Polyurethane coating protects the Metropol Parasol in Plaza de la Encarnacion
The striking Metropol Parasol uses a polyurethane coating to protect the bonded timber from corrosion.

Polyurethane is a polymer joined by urethane links. These links are formed by reacting a di- or poly-isocyanate with a polyol. Polyurethane is unique in that it is not manufactured like many other plastics. Most polymers, such as polyethylene, are produced in the form of a powder and then molded into a desired form. Contrastingly, polyurethanes are typically formed directly into the final product.

What is polyurethane plastic used for?

Polyurethane is the base component for various commercial applications and building materials. It can also be found in apparel, sporting goods, and traffic management devices.

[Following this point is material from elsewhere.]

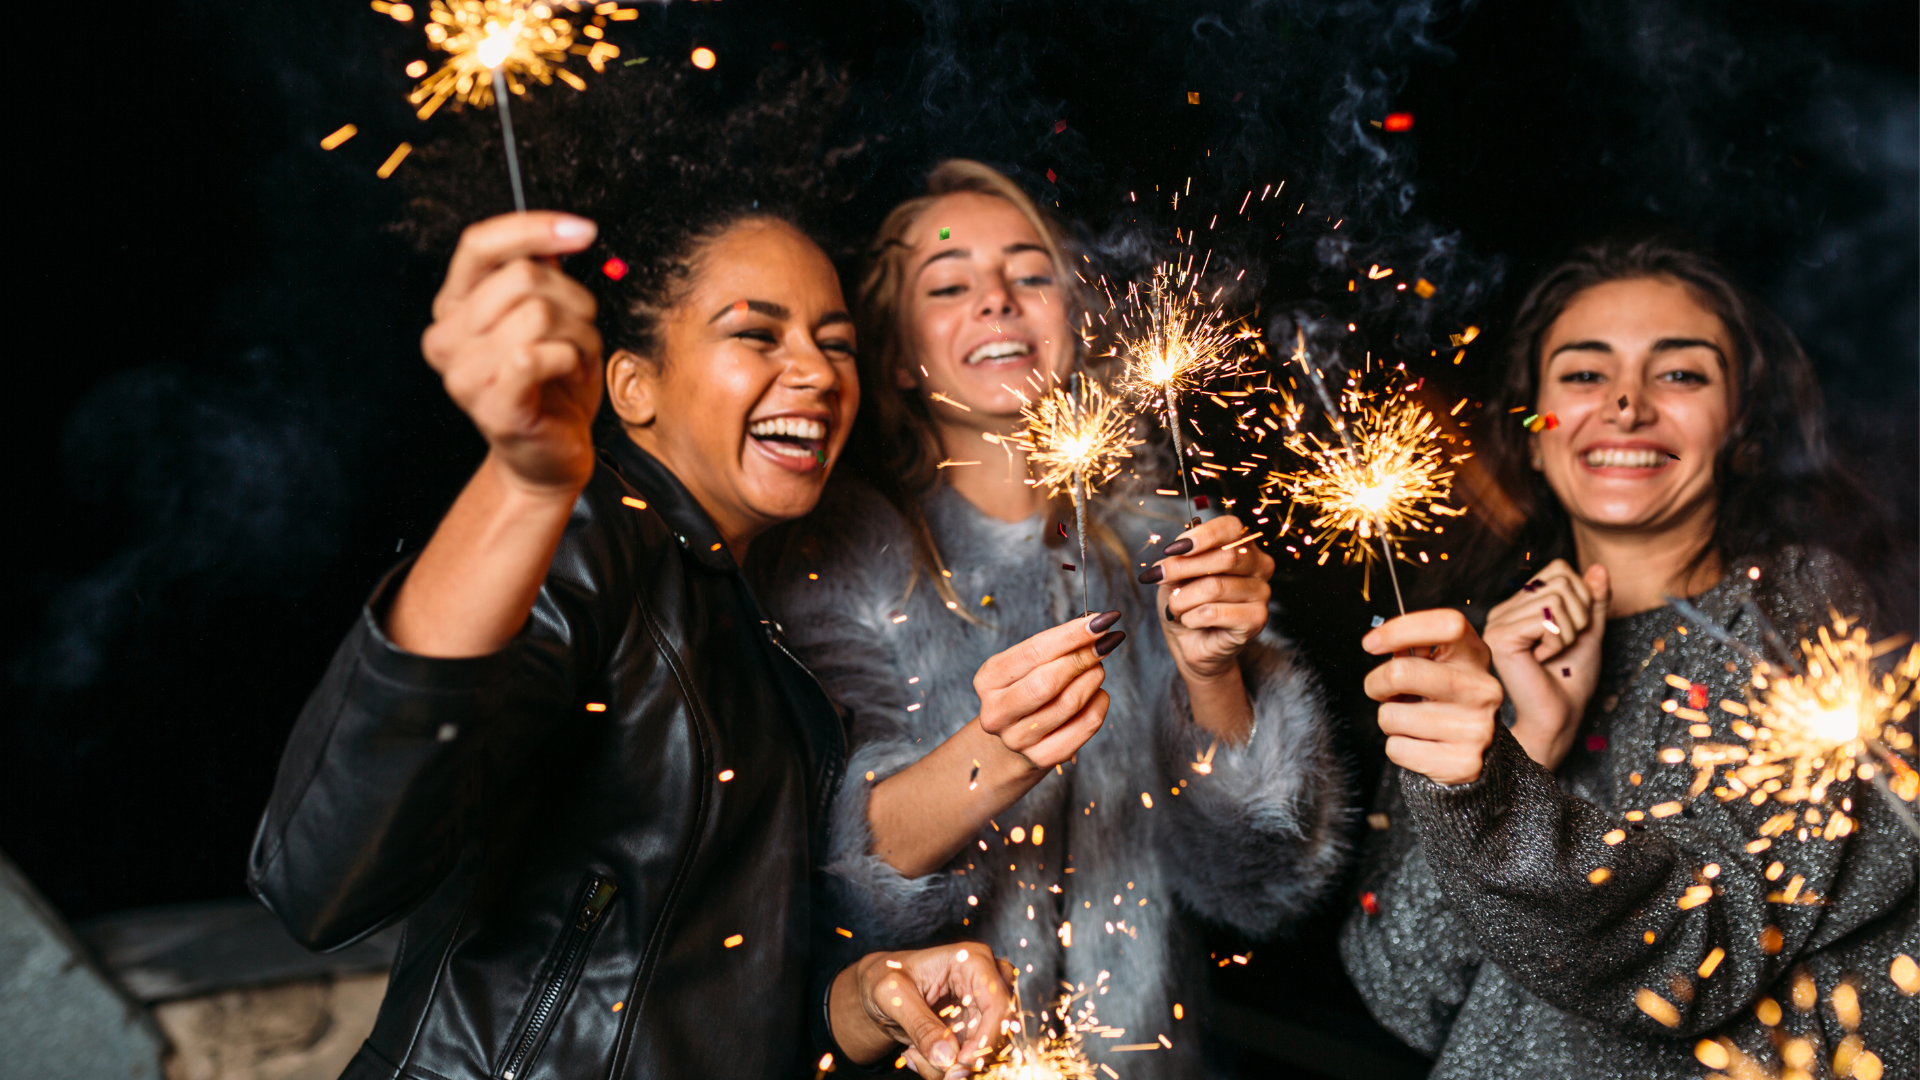 Three people celebrating at night with sparklers.

Surfboards with polyurethane components
Polyurethane plastic is often used as a base component in surfboards and marine equipment.

Plastic parts

Polyurethane plastic can be rigid or flexible. Rigid polyurethane is used in structural parts for industrial and commercial applications. It is also used for surfboard and boat components, as well as electronic instrument bezels. Flexible polyurethane is a common material for creating grips in sporting equipment, such as golf clubs and tennis rackets.

Polyurethane flexible bollards in a row
Flexible bollards are durable and cost-effective—designed for non-abrasive, low-impact traffic management.

Flexible bollards

Polyurethane flexible bollards offer traffic management solutions in parking lots and city streets. Low-impact bollards are durable and cost-effective, used as bike lane delineators or to mark the end of a parking stall. For areas with changing traffic needs, a removable flexible bollard allows for varied configurations.

Woman running on track wearing spandex clothing
Spandex, comprised of at least 85% polyurethane, is prominently used in activewear.

Fabric

Polyurethane can be converted into fibers using a dry spinning technique. These fibers are widely used in fabric for apparel from sportswear to hosiery. Chemically, the fabric, known as Spandex, Lycra, or elastane, is comprised of at least 85% polyurethane.

Polyurethane wheels on shopping carts
Polyurethane’s high load-bearing characteristic makes for durable elastomeric wheels.

Wheels

Polyurethane has a high load-bearing capacity and is the base material for elastomeric wheels and tires. These can be found on shopping carts, elevators, roller coasters, and roller skates.

Bowling alley with polyurethane coated floor
Polyurethane-coated floors are protected against abrasion and impact.

Floorings and infrastructure

Polyurethane coatings are ideal for surfaces that require abrasion and corrosion resistance, such as hardwood floors and outdoor infrastructure. Through regular maintenance, these surfaces can be protected from daily wear and tear.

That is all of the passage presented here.